Wastewater monitoring, when strategically designed to do so, can also improve equity in health systems by reaching communities and individuals that otherwise cannot or do not access the health system for clinical diagnosis.

That’s because, even after we flush, our waste is highly segregated, explained Dr. Singer. Examine a sample from a city’s sewer system and you’ll have captured all the demographics within that city. However, analyze sewage downstream of a hospital, a nightclub, a care home, or a university residence hall, and you’ll monitor particular socio-economic groups and specific age bands within those groups. Examine a sample from a train station and you’ll reach an entirely different socioeconomic group.

Bangladesh’s program is designed with equity in mind. “We are not only analyzing the waste of rich people who can afford to visit hospitals,” said Dr. Haque. “The waste we are monitoring must represent all people. If done strategically, wastewater monitoring can be most equitable and allow us to monitor even the most remote and vulnerable rural communities.”

Dr. Wannigama’s work in Thailand also aims for equity by including collection points in fresh markets, where low-income people buy and sell food; in pit latrines in hilltop villages; and even in remote areas near Thailand’s porous borders with its neighbors.

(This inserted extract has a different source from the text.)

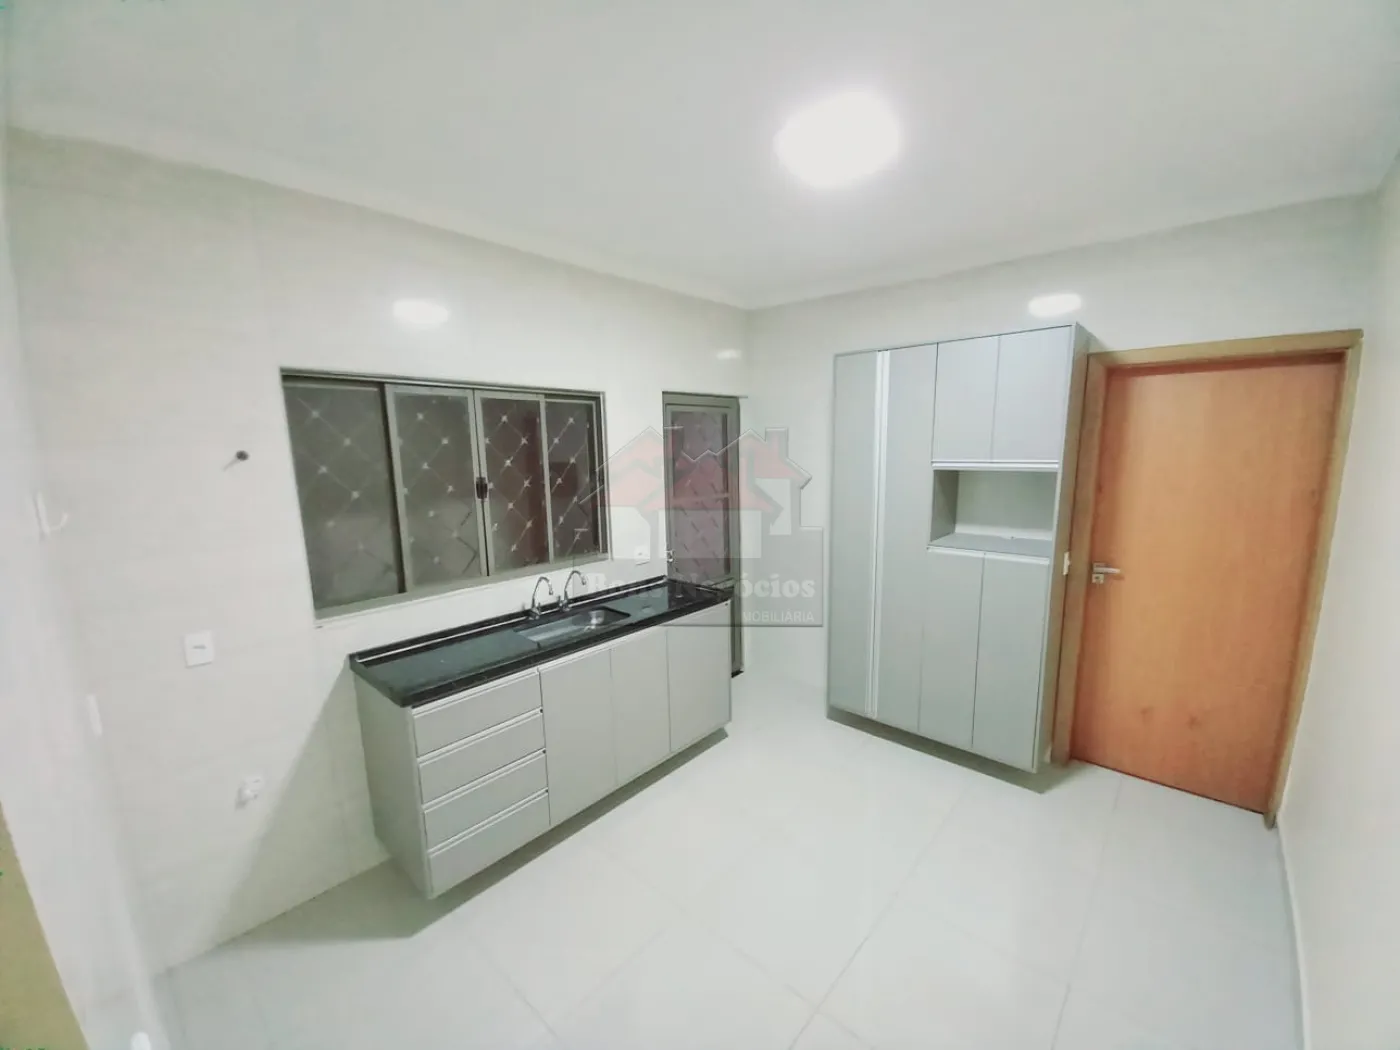 Comprar Casa / Padrão em Ribeirão Preto R$ 390.000,00 - Foto 9

The decline in costs for the associated lab equipment over the past two years presents an opportunity for LMICs, said Dr. Wannigama. Today, establishing a lab capable of monitoring wastewater can cost less than US$50,000, requires just two or three technicians to run, and can process a sample for less than US$10.

That has prompted growing interest and opportunities in LMICs. Ghana's wastewater monitoring program focused on detecting typhoid is currently expanding to detect cholera and hepatitis. Malawi is monitoring wastewater at hospitals in its capital for antibiotic resistance and has monitored wastewater for typhoid. Nigeria is also establishing a wastewater monitoring program. India, which used wastewater sampling to help it eradicate polio – detecting a single person infected out of a population sample of 10,000 – has a variety of wastewater monitoring efforts under way, including researchers monitoring wastewater in Kolkata for typhoid. This effort identified a previously unknown high burden of typhoid among hildren and prompted health leaders to consider early childhood typhoid vaccination. A recent article in the Lancet Global Health provided a survey of wastewater monitoring efforts across 43 countries. A global dashboard established during COVID identifies 72 countries currently monitoring wastewater for the virus, many of which have since expanded beyond COVID.

“When I look up at the heavens from my home in England, I can see only a few dozen stars,” said Dr. Singer. “Give me a telescope and I will find many more. As these wastewater monitoring efforts expand, we will find viruses we didn’t know existed. Wastewater surveillance is the James Webb Telescope for population health. We can now monitor population health and identify and counter the tens or possibly hundreds of organisms that silently — or not — prey upon us all the time, in near-real time. We have entered a new paradigm in public health.”